In his seminal 1956 essay “The Legacy of Jackson Pollock,” Allan Kaprow praises Pollock’s use of everyday materials, noting that his “so-called dance of dripping” is ultimately more interesting and influential than his canvases themselves. “Pollock, as I see him,” writes Kaprow, “left us at the point where we must become preoccupied with and even dazzled by the space and objects of our everyday life. . . . Not satisfied with the suggestion through paint of our other senses, we shall utilize the specific substances of sight, sound, movements, people, odors, touch.” More than fifty years later, these ideas resonate in the feverish videos of Brooklyn-based artist Alex Hubbard, who assembles, manipulates, and ultimately destroys elaborate painterly surfaces made from everyday objects.

In the five videos that comprised the bulk of his first New York solo show, Hubbard uses flowers, balloons, plastic letters, and other mundane things in bizarre, at times aggressive ways, calling attention to their purpose and altering them through a series of vaudevillian maneuvers. Each video is shot from overhead in a single take, delineating a flat surface against which the drama unfolds. The fast-moving Cinéopolis, 2007, depicts the tarring and feathering of a projector screen lying on the floor. Shiny Mylar balloons billow over the screen, only to be deflated by a blowtorch; tar pours over the entire tableau; pillows are cut open so that their feathers flurry around, and finally the pictured screen rolls partially shut.

Though the link to Kaprow (whose work was once described by Susan Sontag as “animated collage”) is palpable, Hubbard’s videos also evoke a handful of other artists. Stuart Sherman, William Wegman, Bas Jan Ader, and Roman Signer all come to mind, for their experimental use of humor, bathos, and suspense. However, Hubbard’s work is most in sync with Ader’s slapstick film performances, which tend to end abruptly in humorously disastrous ways. Hubbard raises the comic ante by peppering the diegetic clamor with popping, buzzing sound effects to confuse what we see and hear. Moreover, by creating a short script and allowing for some unscripted divergence, he creates works that fall somewhere between Jackass and legerdemain.

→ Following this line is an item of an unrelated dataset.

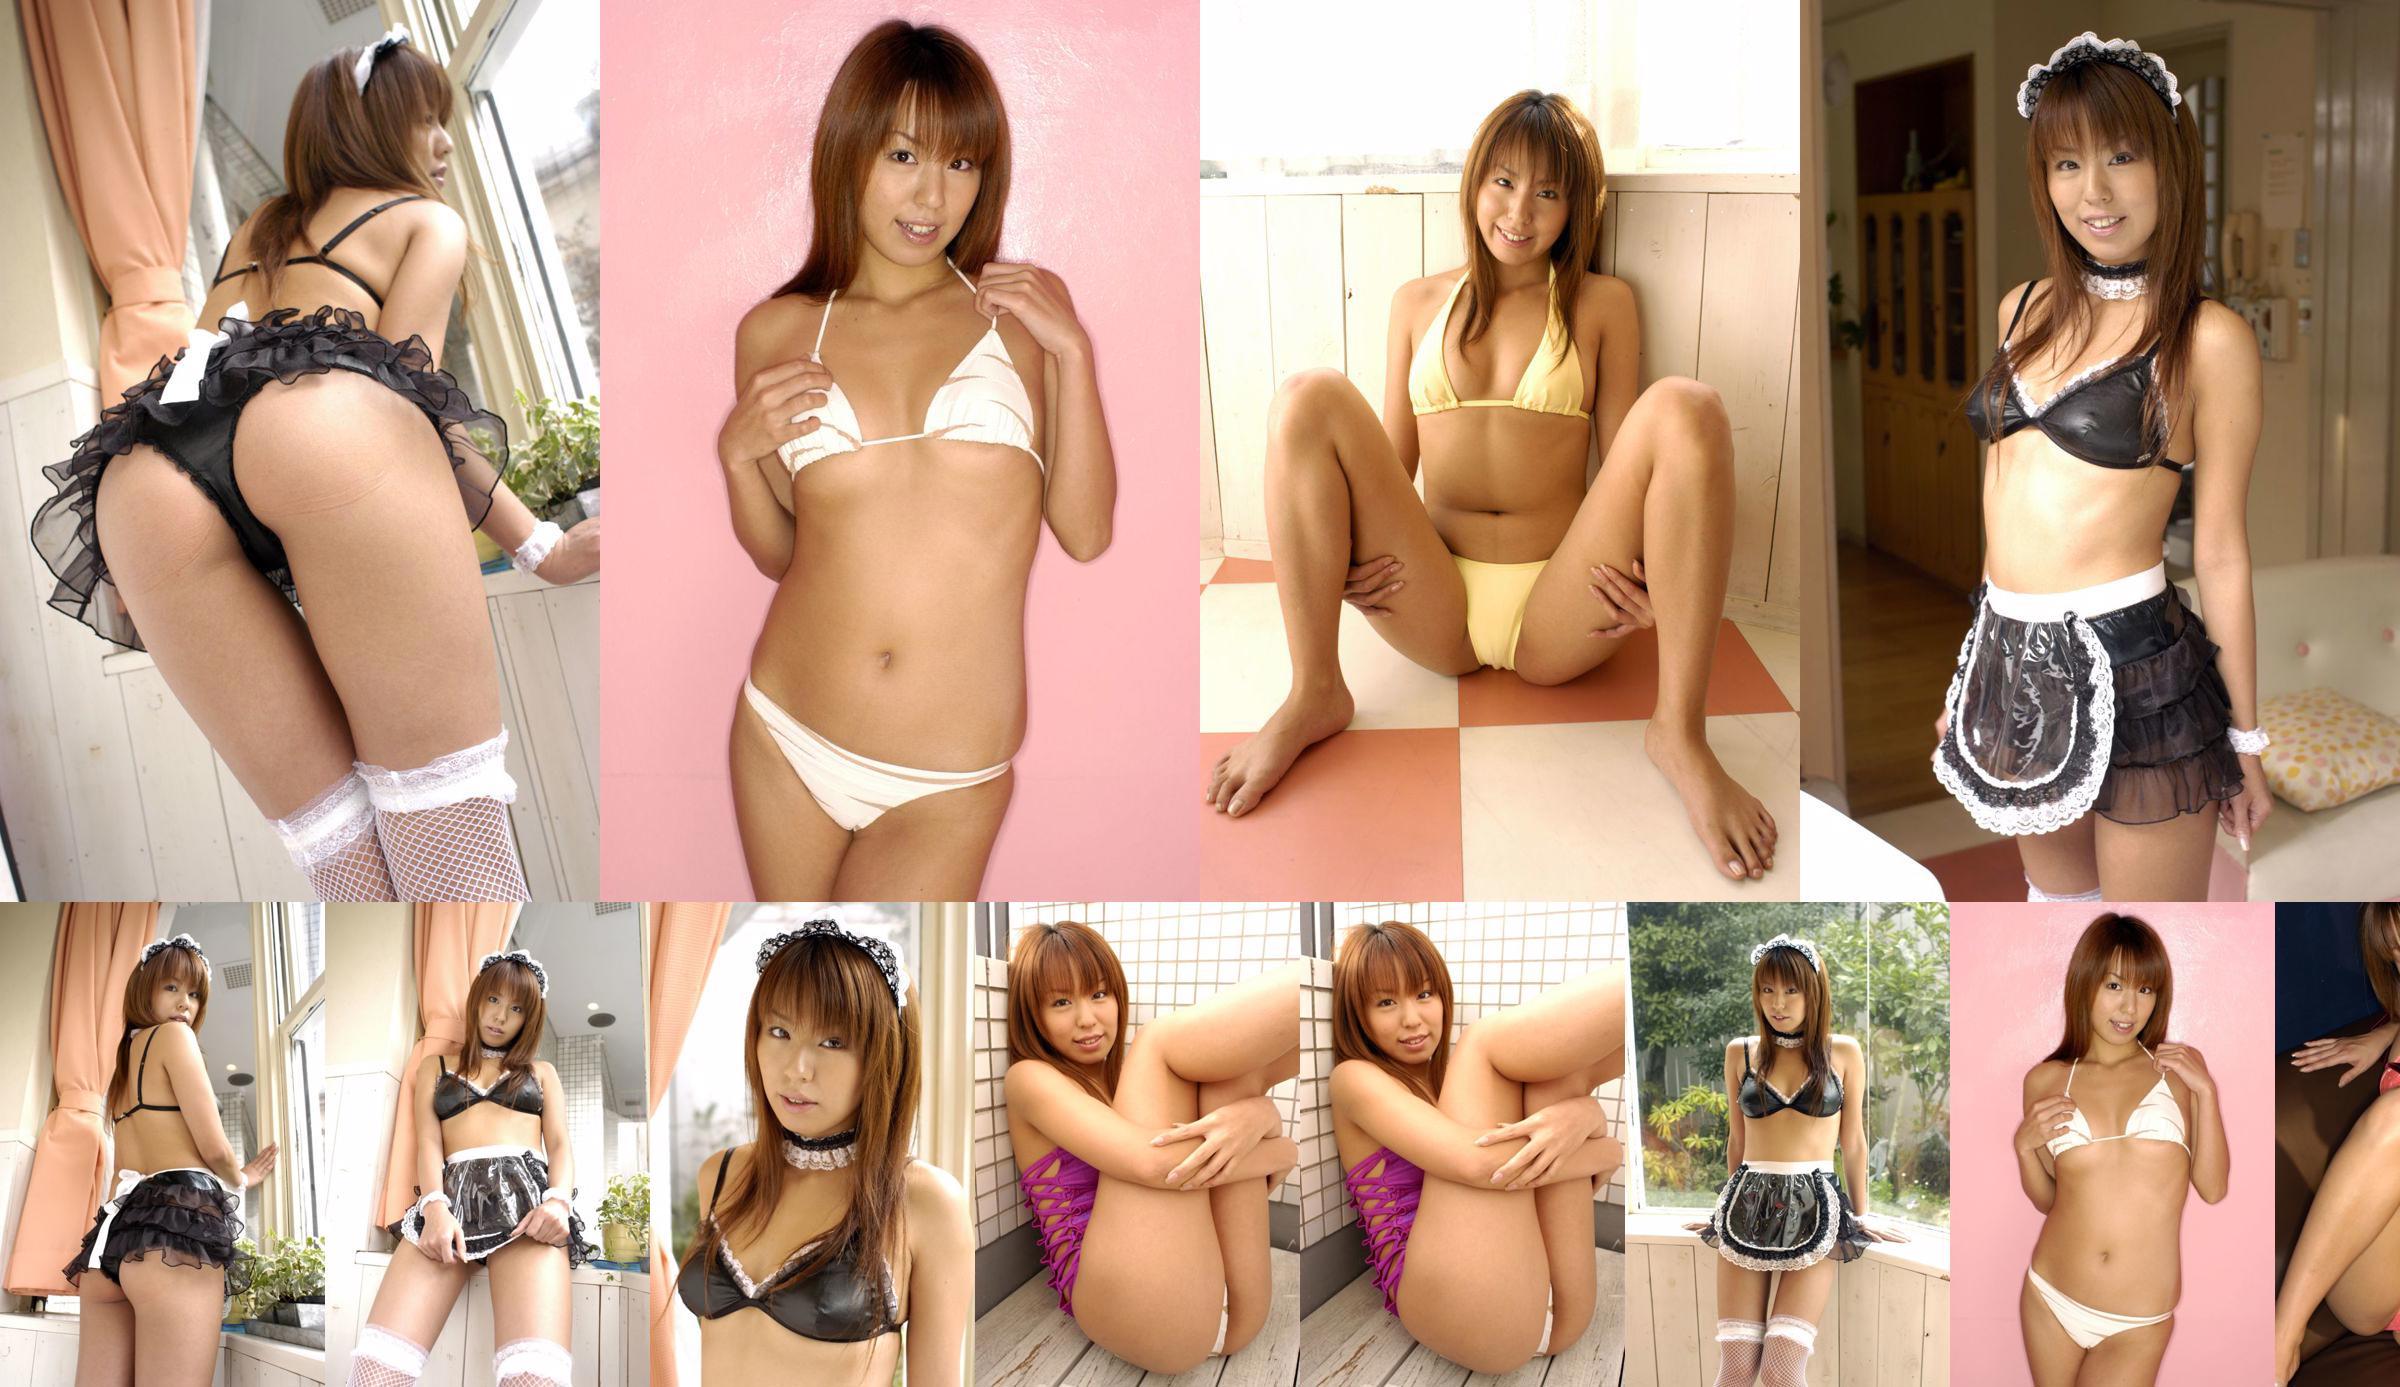 [LOVEPOP] 逢 沢 り い な Riina Aizawa Photoset 04 No.742dc5 Halaman 1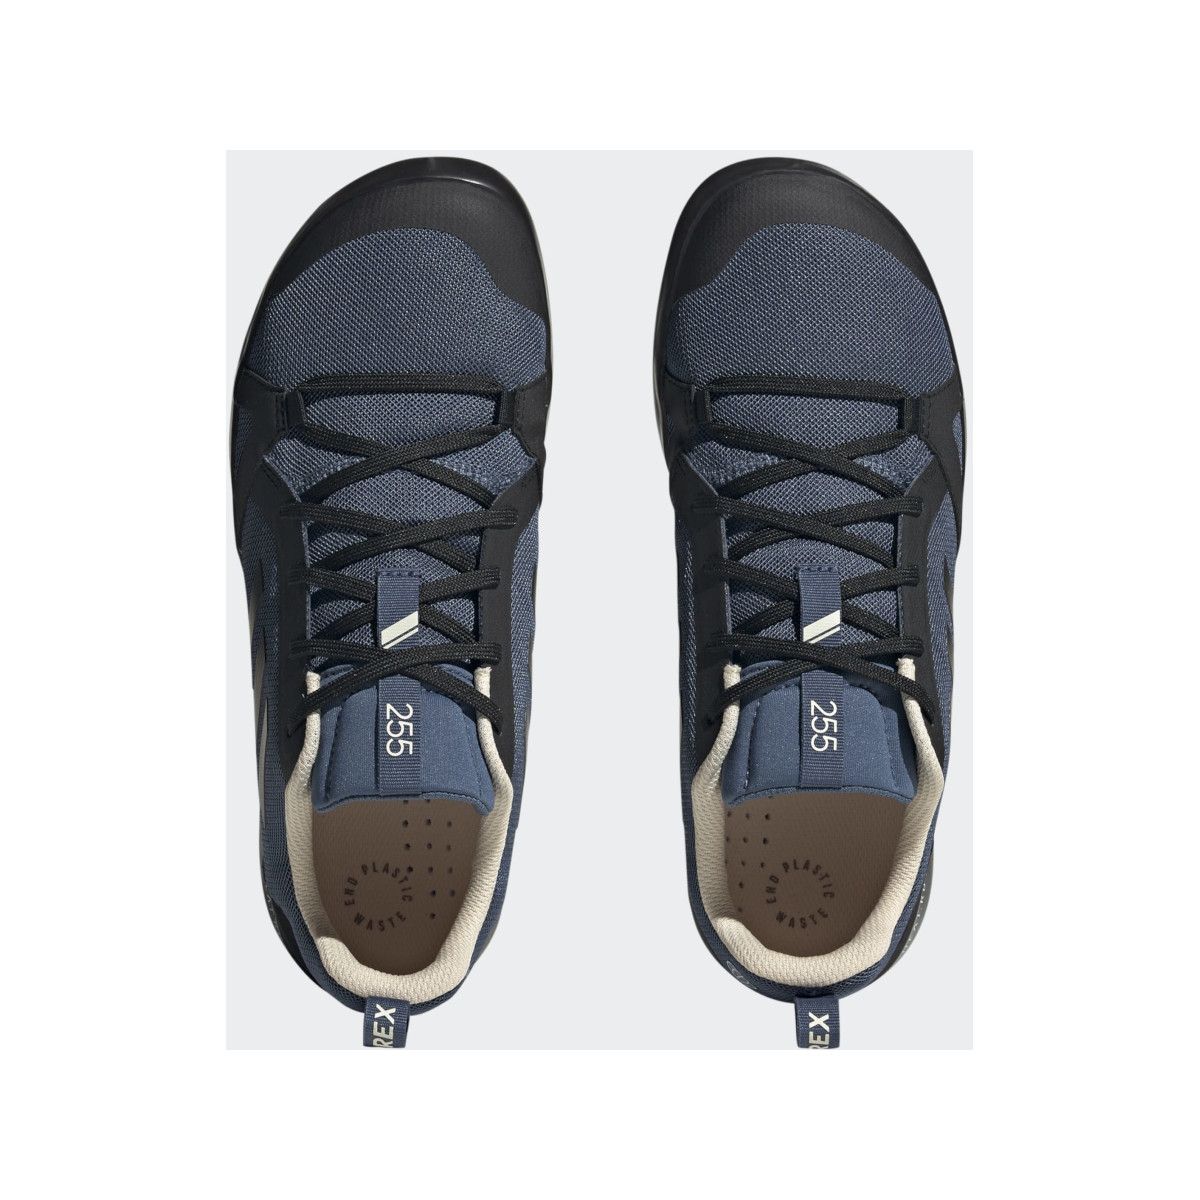 Adidas Boot Lace bootschoen heren zwart-blauw, maat 41 1/3

Hubbard also presented two untitled abstract paintings and a collage, all of which appeared as codas to the videos. A deflated, tortured balloon, ostensibly a remnant from Cinéopolis, affixed to the collage, seemed to symbolize other sad objects in the videos that are eventually nullified or swept away. Hubbard’s unremitting stockpiling and effacement in these works gave the show a caustic, endgame-like spirit. While he displays an appetite for destruction, his visually seductive videos trump entropy with action. All is energetic and in constant motion, and a few fleeting scenes are remarkably beautiful in their colorful density. These moments occur through particularly strange and deadpan maneuvers such as the blowtorching of birthday balloons and the saran-wrapping of pink plastic letters, and through the series title, “The Collapse of the Expanded Field.” Still, it’s hard not to think of the final resting place of Hubbard’s objects, the landfill. His work turns on this paradox—so funny it’s sad and so sad it’s funny—and it is this contradiction that allows some existential truth and gravitas to seep in.